PhD in Molecular Oncology

Job No: G123
Location: Darlinghurst, Sydney

Project title: New therapeutic strategies for triple negative breast cancer

Supervisors: Dr Alex Swarbrick and A/Prof Elgene Lim

The prognosis for breast cancer patients has improved markedly in the last 30 years, driven mainly by the development of drugs targeting the Estrogen (ER) and Her2 receptors. However, patients with so-called  ‘Triple negative’ breast cancer (TNBC), have not benefitted from these discoveries as their tumours do not express the Estrogen or Her2 receptors.  TNBC accounts for ~ 15% of diagnoses, occurs in younger patients than other subtypes and has a poor prognosis, with up to 40% of women dying within 5 years of diagnosis. For these patients conventional chemotherapy remains the only drug option. We need to do better.

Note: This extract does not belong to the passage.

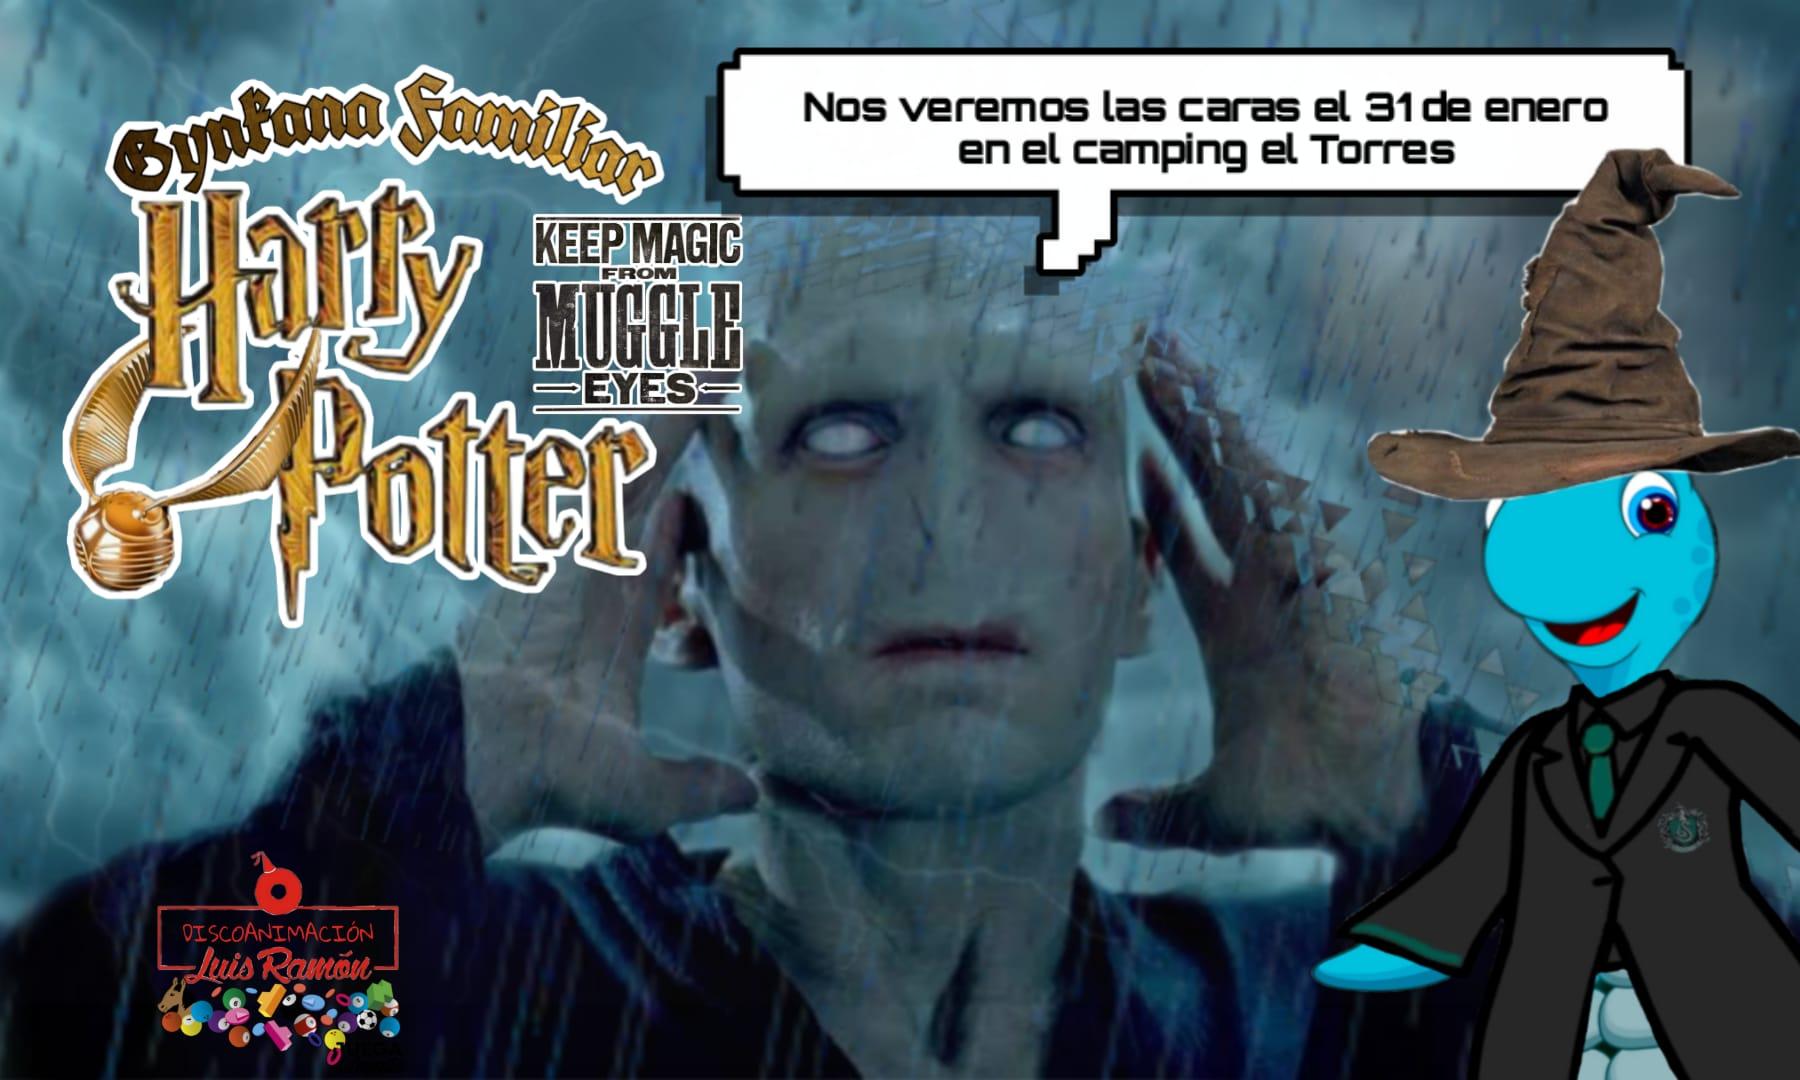 harry-potter-gyncana-camping-el-torres-1

We are using our unique insights into the biology of TNBC to develop new drug options for this aggressive disease. We have 3 areas of interest in which we are investigating TNBC biology and conducting preclinical studies:

1) Tumour stroma. Cancers are complex ecosystems in which many non-neoplastic cells play important roles. We have shown a critical role for cancer-associated fibroblasts (CAFs) in providing a ‘niche’ for cancer cells to reside in a stem-like drug-resistant state.

2)Endocrine therapy. While TNBC do not express ER, many express the related Androgen receptor (AR). There is evidence that AR may drive tumour growth in certain TNBC.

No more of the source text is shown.